6月21日、最高裁で、性同一性障害者の性別の特例に関する法律(「特例法」)で、性別を男性から女性に変更した方が、凍結保存された精子を使って、出産させた子どもとの関係について、民法の胎児認知(※)を認めるという判決が出されました。

事案は、Aさんは、①特例法により、法的性別を男性から女性へ変更→②女性Bに自分の凍結保存された精子を用いた生殖補助医療によって懐胎させて、子ども(C)を出産→③胎知届け出をしたが、Aさんの法的性別が女性であることを理由に届け出は不受理とされた、というものです。原審(高裁)は、認知請求は性別が男性(父)に対してするものであって、子どもの出生時にAさんの性別は女性へと変更されていたから、認知請求は認められないとしました。

ところが、最高裁は、原審を破棄して、「子は、生物学的な女性に自己の精子で子を懐胎させた者に対し、その者の法的性別にかかわらず、認知を求めることができる」と判断しました。
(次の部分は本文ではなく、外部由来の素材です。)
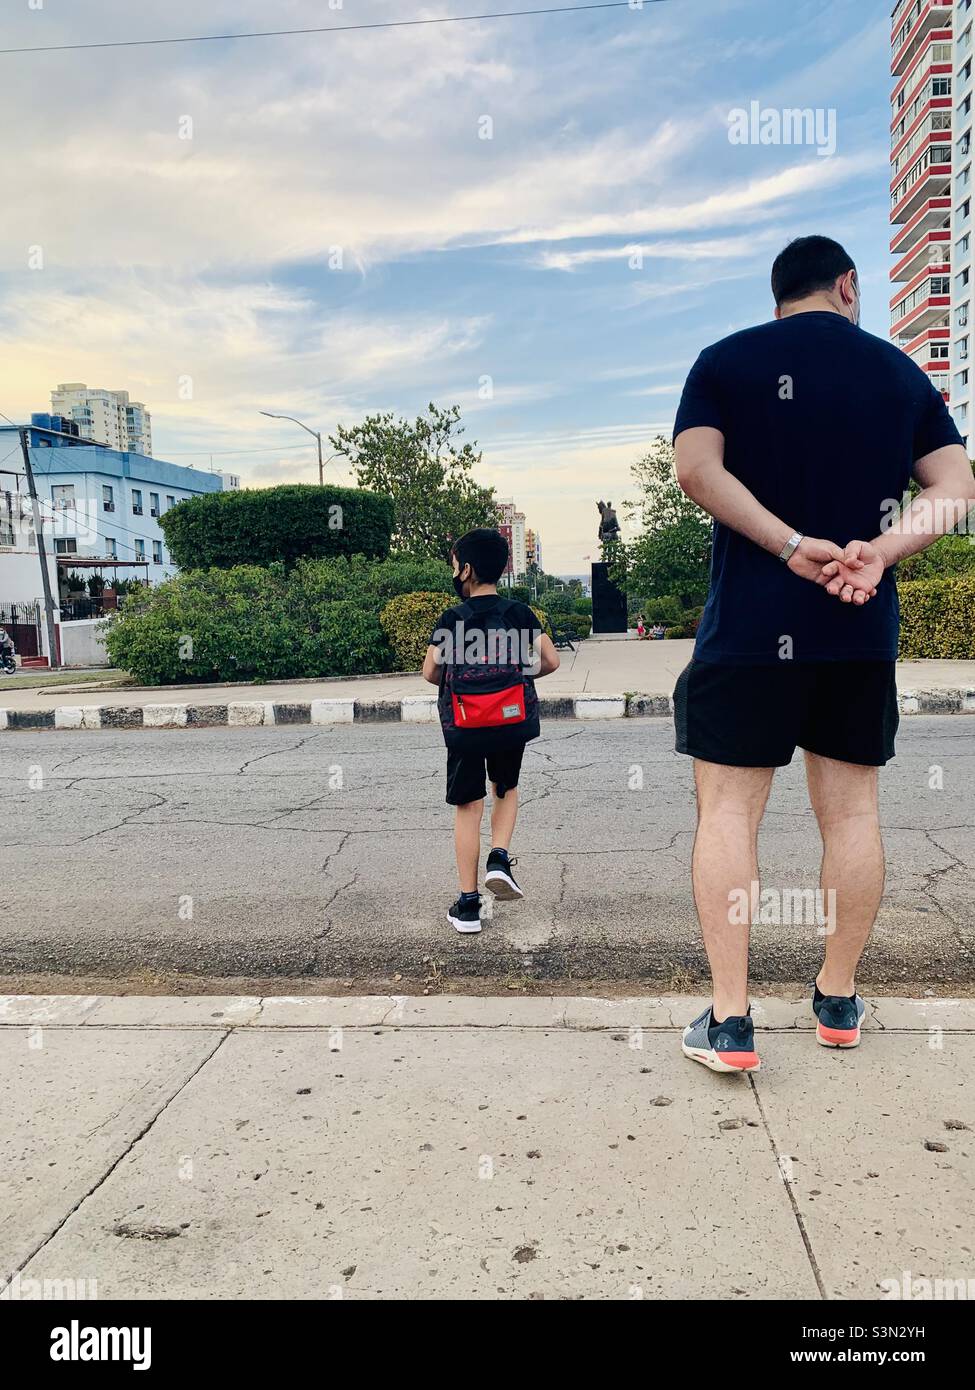 Father supervising son crossing the road. Learning to cross the street safely. Fathering concept. Adult supervision concept Stock Photo

その理由は、「生殖補助医療の技術が進歩し、性別の取扱いの変更を認めることとした特例法が施行されるなどしたことで、法的性別が女性である者が自己の精子で生物学的な女性に子を懐胎させ、当該子との間に血縁上の父子関係を有するという事態が生じ得ることとなった。」「実親子関係の存否は子の福祉に深く関わるものであり、父に対する認知の訴えは、子の福祉及び利益等のため、強制的に法律上の父子関係を形成するものであると解される。仮に子が、自己と血縁上の父子関係を有する者に対して認知を求めることについて、その者の法的性別が女性であることを理由に妨げられる場合があるとすると、血縁上の父子関係があるにもかかわらず…その者が子の親権者となり得ることはなく、子は、その者から監護、養育、扶養を受けることのできる法的地位を取得したり、その相続人となったりすることができないという事態が生ずるが、このような事態がこの福祉及び利益に反するものであることは明らかである。」という、子どもの福祉・利益を理由としたものです。
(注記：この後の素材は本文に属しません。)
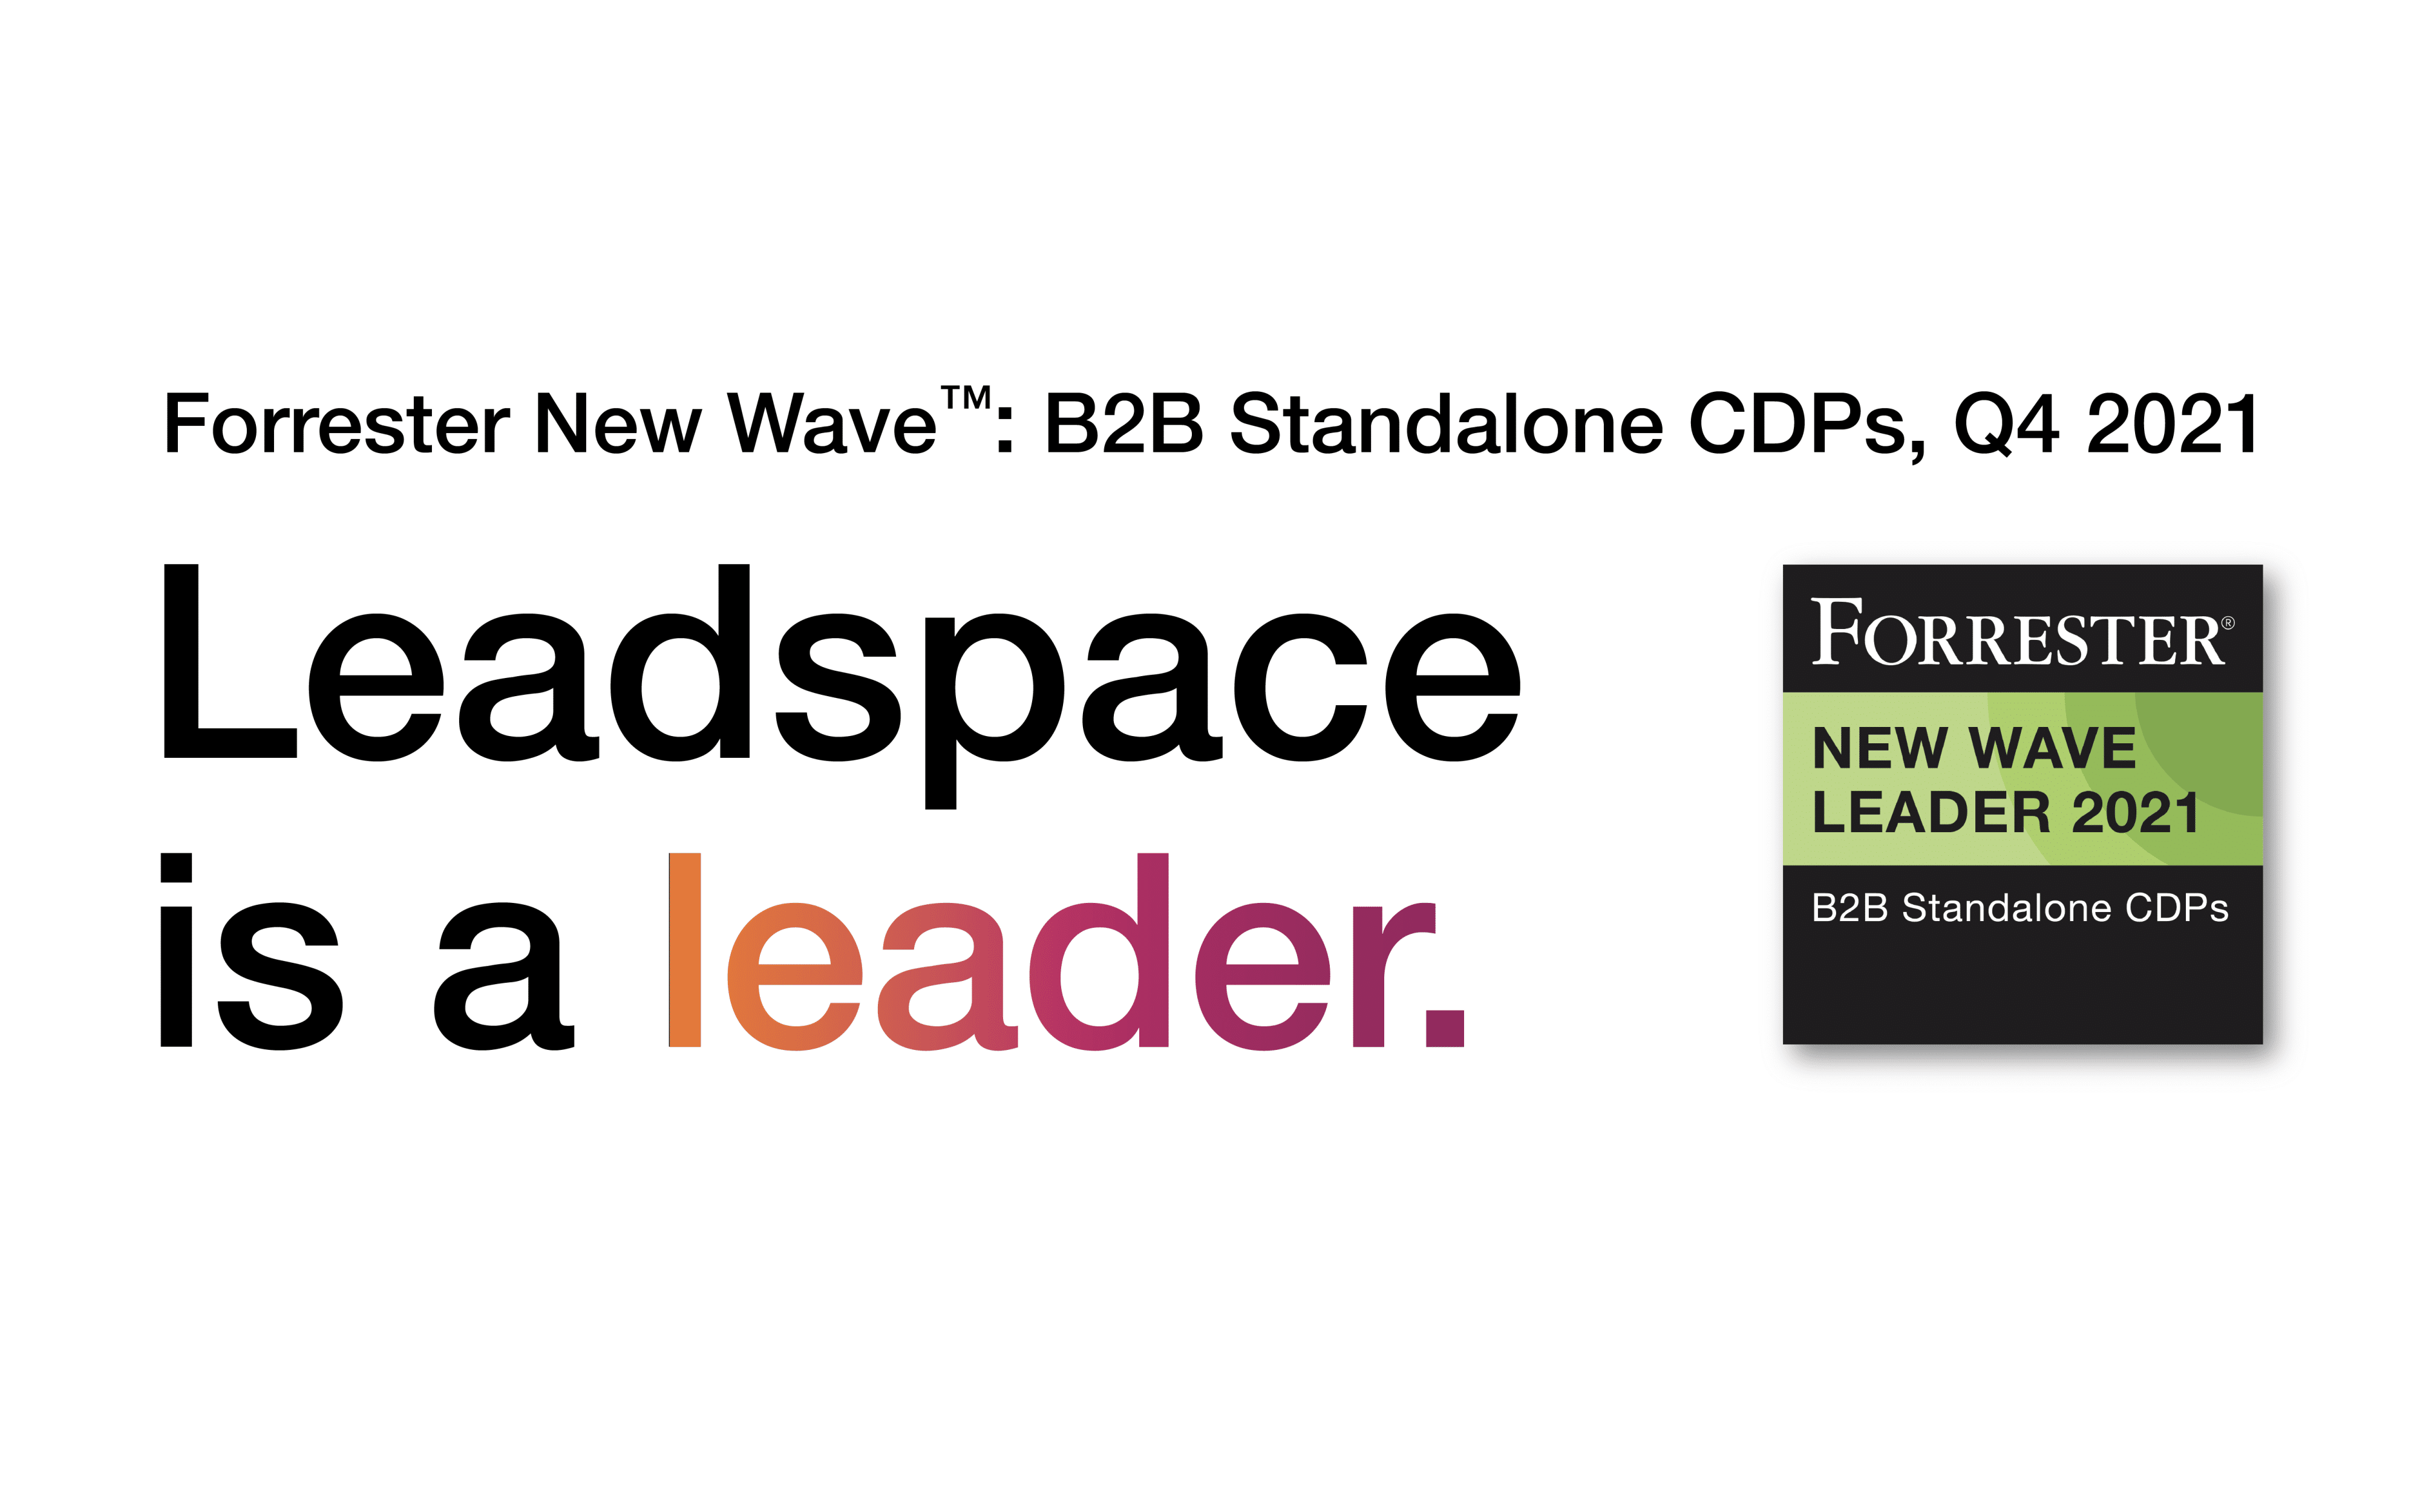 Leadspace Ranked a Leader in the Forrester New Wave: B2B Standalone Customer Data Platform Q4 2021

性別変更で「女性」となった者も、自己の精子で子どもを作った以上は、子どもとのあいだで法律上の父子関係が生じる、という画期的な判決です。親子/家族とは何か、父とは何か、とも問いかけるもので、同性婚をはじめ近接する課題にも影響していく可能性があります。

(※)民法
第779条 嫡出でない子は、その父…がこれを認知することができる。
第783条 父は、胎内に在る子でも、認知することができる。

同性カップルの住民票に
「夫(未届)」
大村市が快挙!

 本誌46号で紹介したケータさん、今年3月に長崎県大村市へ相方さんと転居しました。2人はこれまでは同じ住所に、別々の世帯でそれぞれ「世帯主」と登録していたそうですが、5月2日、世帯をひとつにする手続きを申請し、ケータさんを「世帯主」、相方さんを「夫(未届)」と表記することを求めたところ、大村市はこれを認めました。
 同性パートナーが同じ住民票で「夫(未届)」と表記されたのは、非常に画期的で快挙です。
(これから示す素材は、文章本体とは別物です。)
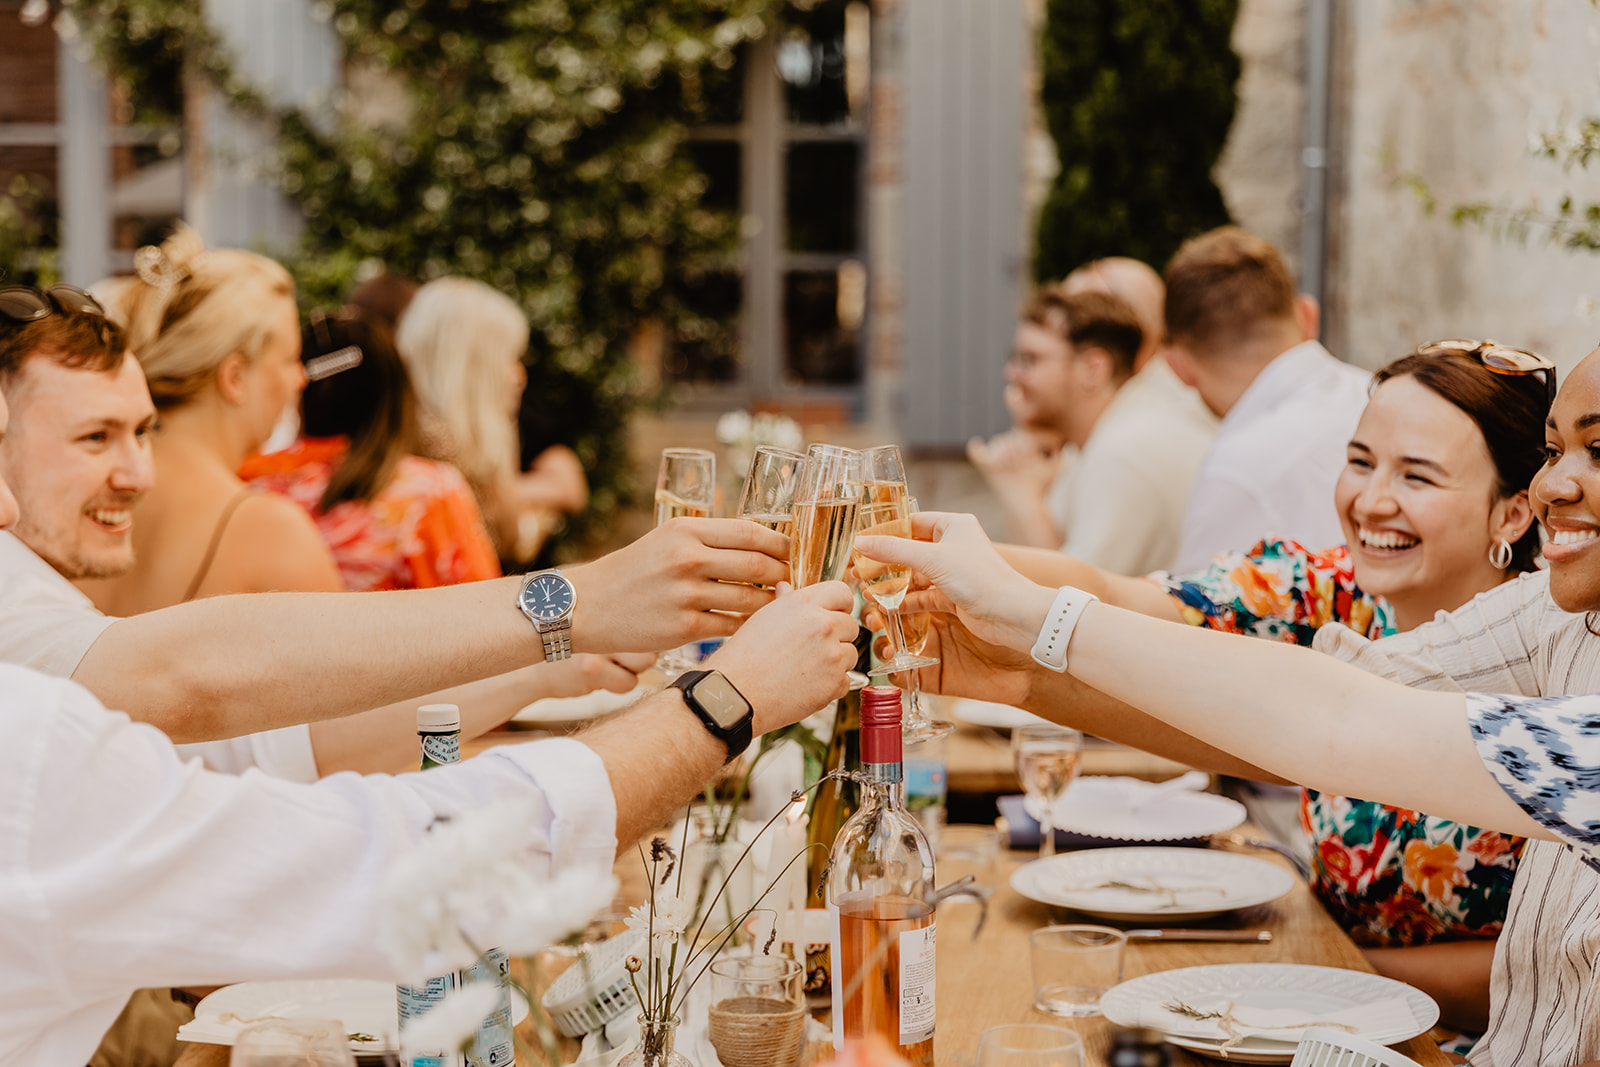 Guests toasting at a Destination Wedding in France. Photography & Videography by OliveJoy Photography

 ところが、報道(※)によると、これに対して、総務省住民制度課は文書で、住民票は「社会保障制度の適用を判断するための公証資料」と指摘し、「異性間の事実婚に使われる「夫(未届)」の記載を同性カップルに用いれば、各種社会保障の窓口で住民票の続柄のみで適用の可否を判断できなくなり、実務上の支障を来す恐れがある」と説明したそうです。松本総務大臣も、記者会見で、大村市に「(総務省の)助言を踏まえて判断してほしい」と求めたそうです。
 大村市の市長は、現時点では表記は修正しないとしているようですが、今後どうなるのでしょうか…注目してきたいと思います。
(※時事通信ニュース7月9日)

【 お知らせとお詫び 】
今号で「神社で同性パートナーと神前結婚式をしようとしたら…(後編)」を掲載予定でしたが、今回のニュースがあり次号以降とさせて頂きます。
申し訳ありません。

日本女性学会の分科会で
「トランス問題」が?

 以上二つのニュースのように、世の中の動きは急ピッチで前に進んでいるようですが、一方では、こんなニュースも。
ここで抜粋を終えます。